De beste programmeertalen voor digitale marketeers

10 min


107

In de wereld van datagestuurde marketing vereisen meer en meer taken een beetje codering. Mogelijk moet u een extra parameter aan uw trackingcode toevoegen of onbewerkte gegevens uit Google Analytics ophalen. U wilt misschien een eenvoudige voorspelling maken of een paar herhalende taken in uw PPC-campagnes automatiseren.

Of misschien wil je gewoon een gemeenschappelijke taal spreken met je ontwikkelaars, zodat je ze beter kunt inlichten en begrijpt dat ze misschien zeggen: “Dit duurt twee weken.”

Hoe dan ook, kennis van een of twee datatalen – zelfs op beginnersniveau – is een grote hulp voor het dagelijkse werk van een online professional en dus een enorm voordeel ten opzichte van uw concurrentie.

Welke programmeertaal moeten marketeers leren?

Voor een nieuwkomer zijn er vier programmeertalen die de moeite van het leren waard zijn:

  1. SQL *
  2. JavaScript
  3. Python
  4. Bash

* Technisch gezien is SQL een “declaratieve taal”, geen programmeertaal, maar het heeft de ” functionaliteit van een volwassen programmeertaal .”

Natuurlijk hoef je niet alle vier tegelijk te leren. Zelfs als je er een leert, worden veel, veel problemen opgelost die je je nooit had kunnen voorstellen. Trouwens, na het leren van je eerste programmeertaal, is het meestal veel gemakkelijker om de rest te leren – je begrijpt de onderliggende computerlogica al.
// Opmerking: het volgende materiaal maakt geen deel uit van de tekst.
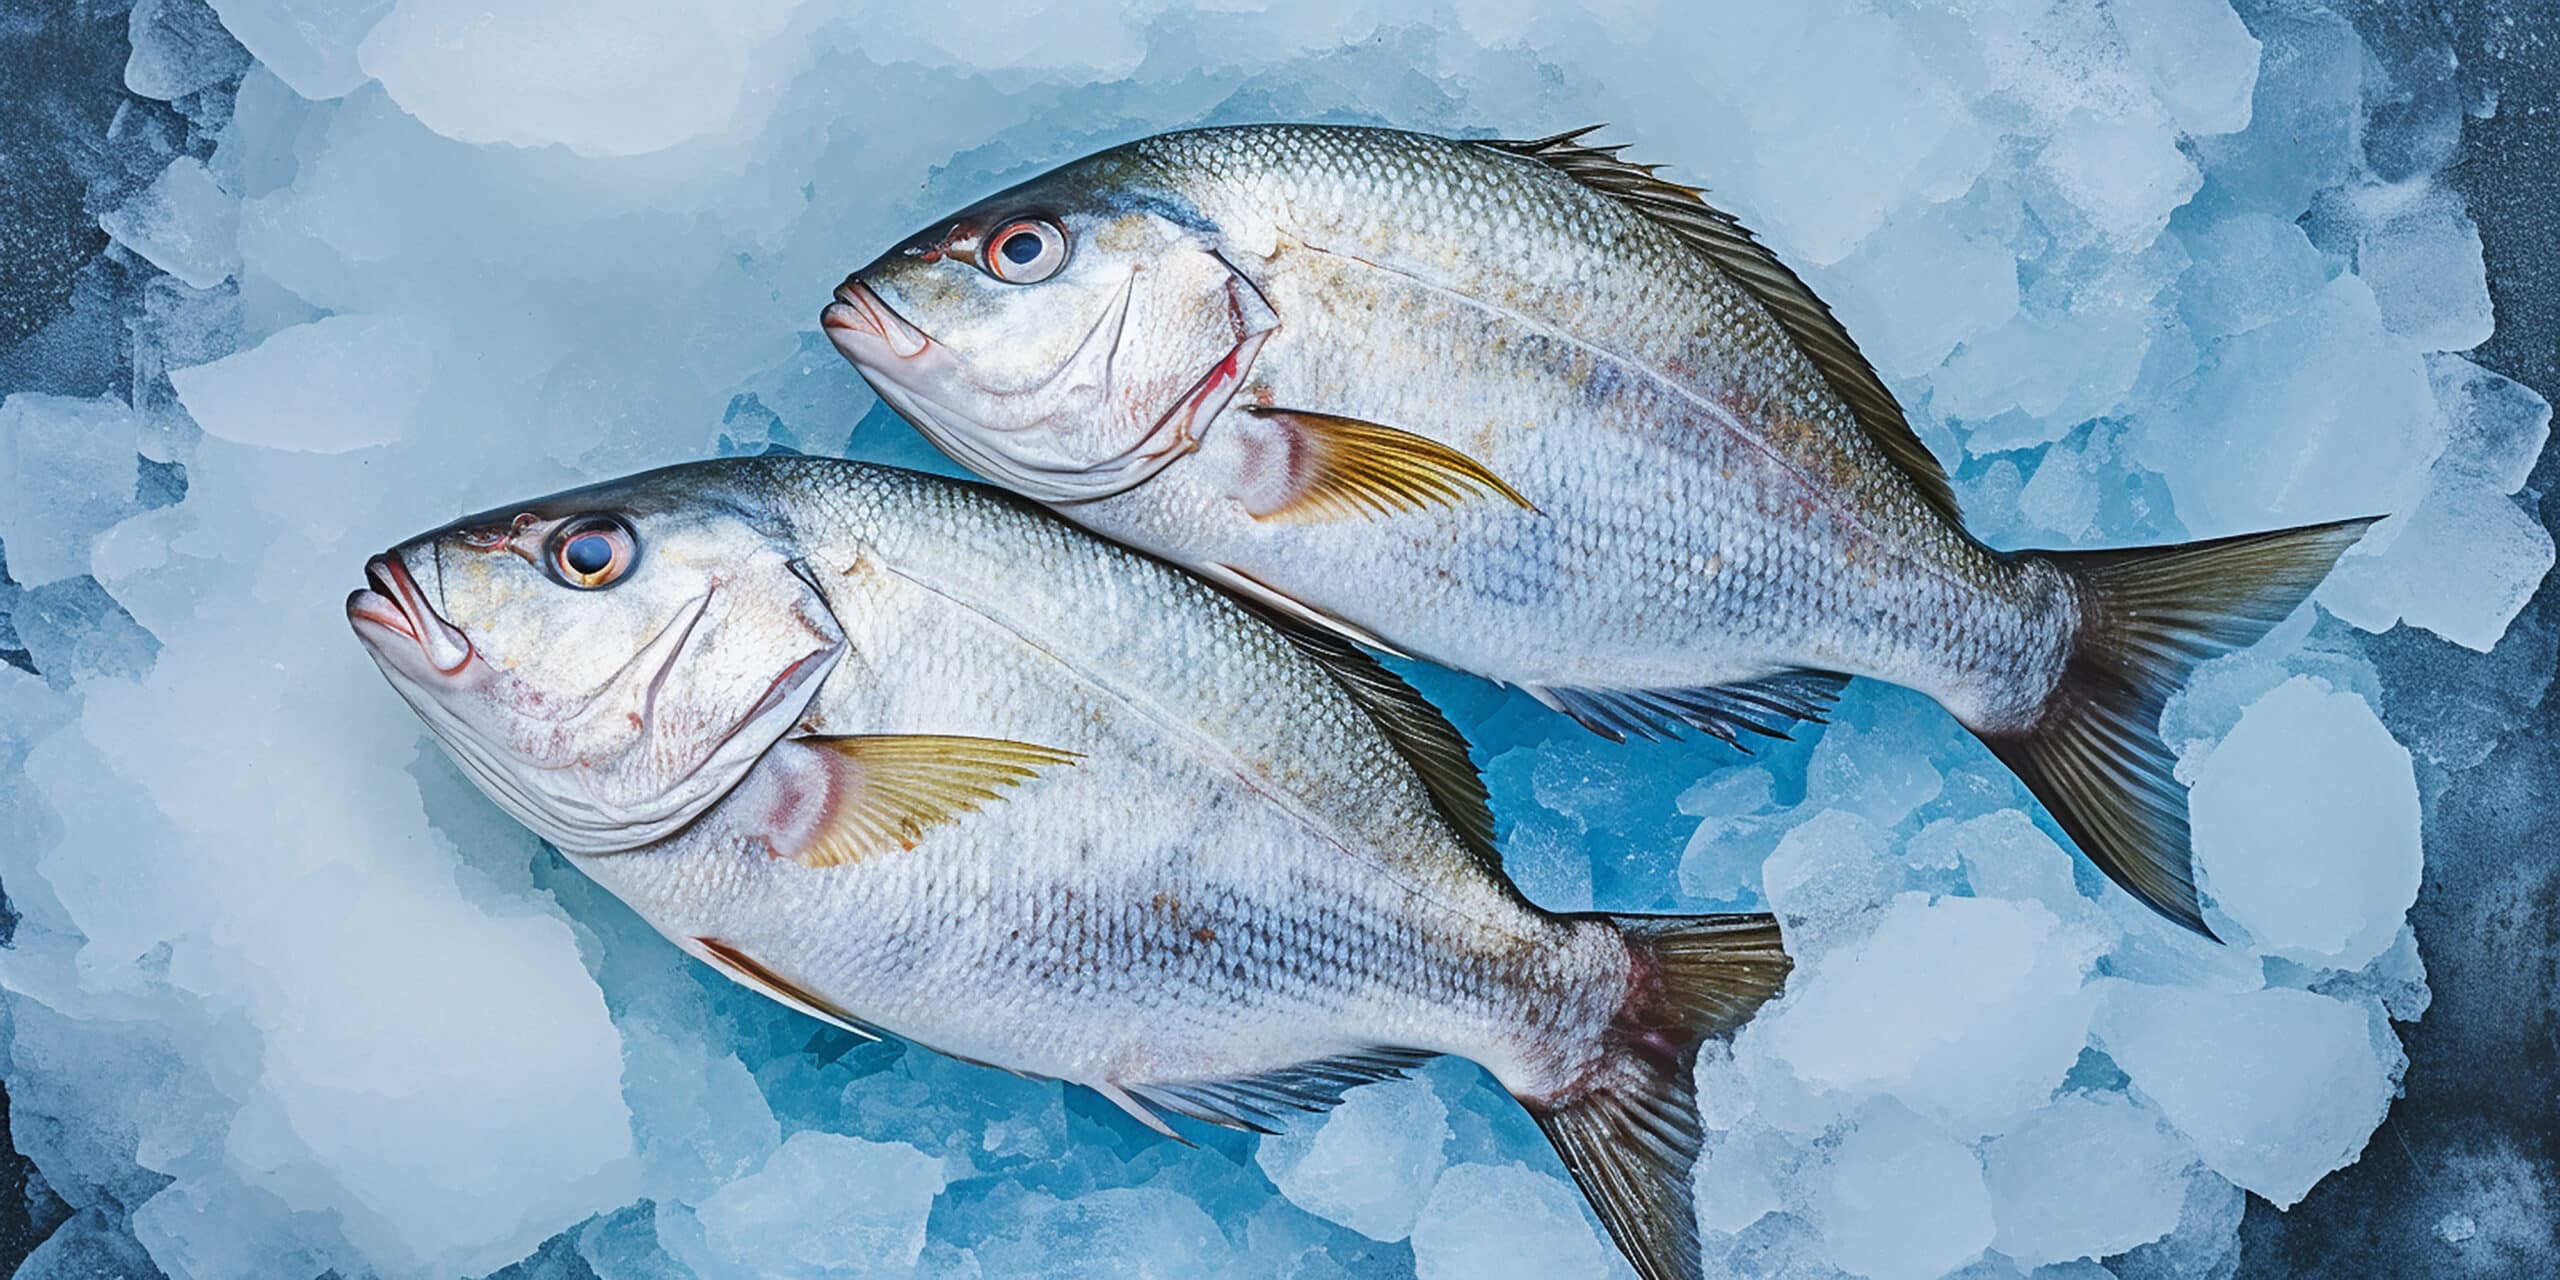 fanatic4fishing.com : Do fish bite less when cold?
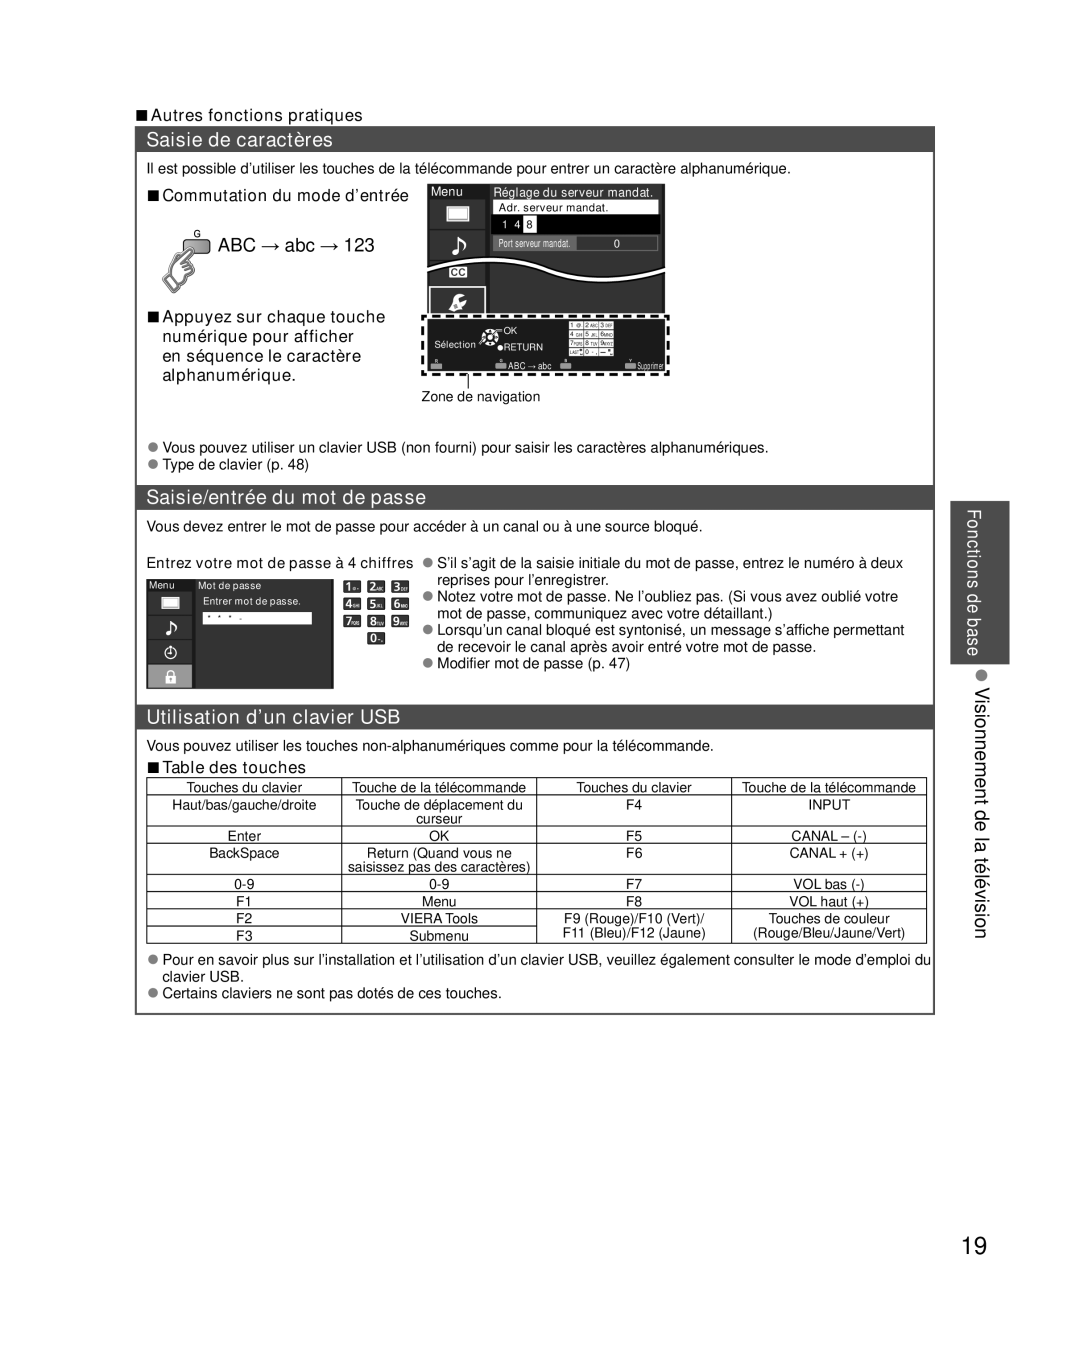 Panasonic TC-L42E30 Saisie de caractères, Saisie/entrée du mot de passe, Utilisation d’un clavier USB, ABC → abc →

Maar welke taal is goed voor wat? Wie zou welke moeten kiezen? Het hangt van verschillende dingen af:

  • de taken waar je aan werkt;
  • de tools waarmee je werkt; en
  • je doel met de opgegeven taal.

In dit artikel zal ik al deze vragen beantwoorden en een overzicht geven van de vier populairste talen voor professionals in digitale analyse.

Maar eerst … Waarom hebben we meer dan één programmeertaal?

Ten eerste zijn er historische redenen. Ze lijken op waarom we verschillende talen spreken in verschillende landen. Python, SQL, JavaScript en Bash zijn gemaakt door verschillende computerwetenschappers in verschillende omstandigheden. Uiteindelijk, toen andere mensen deze talen begonnen te gebruiken, vonden ze hun eigen manier om te groeien.

De tweede reden is belangrijker. Python, SQL, JavaScript en Bash zijn goed in verschillende dingen. U kunt sommige taken in JavaScript oplossen die u nooit in SQL zou kunnen oplossen. Het is bijvoorbeeld eenvoudig om voorspellingen te maken in Python, maar echt moeilijk in Bash.

Elke taal heeft zijn voor- en nadelen, dus u moet verstandig kiezen op basis van de vragen die u wilt laten beantwoorden.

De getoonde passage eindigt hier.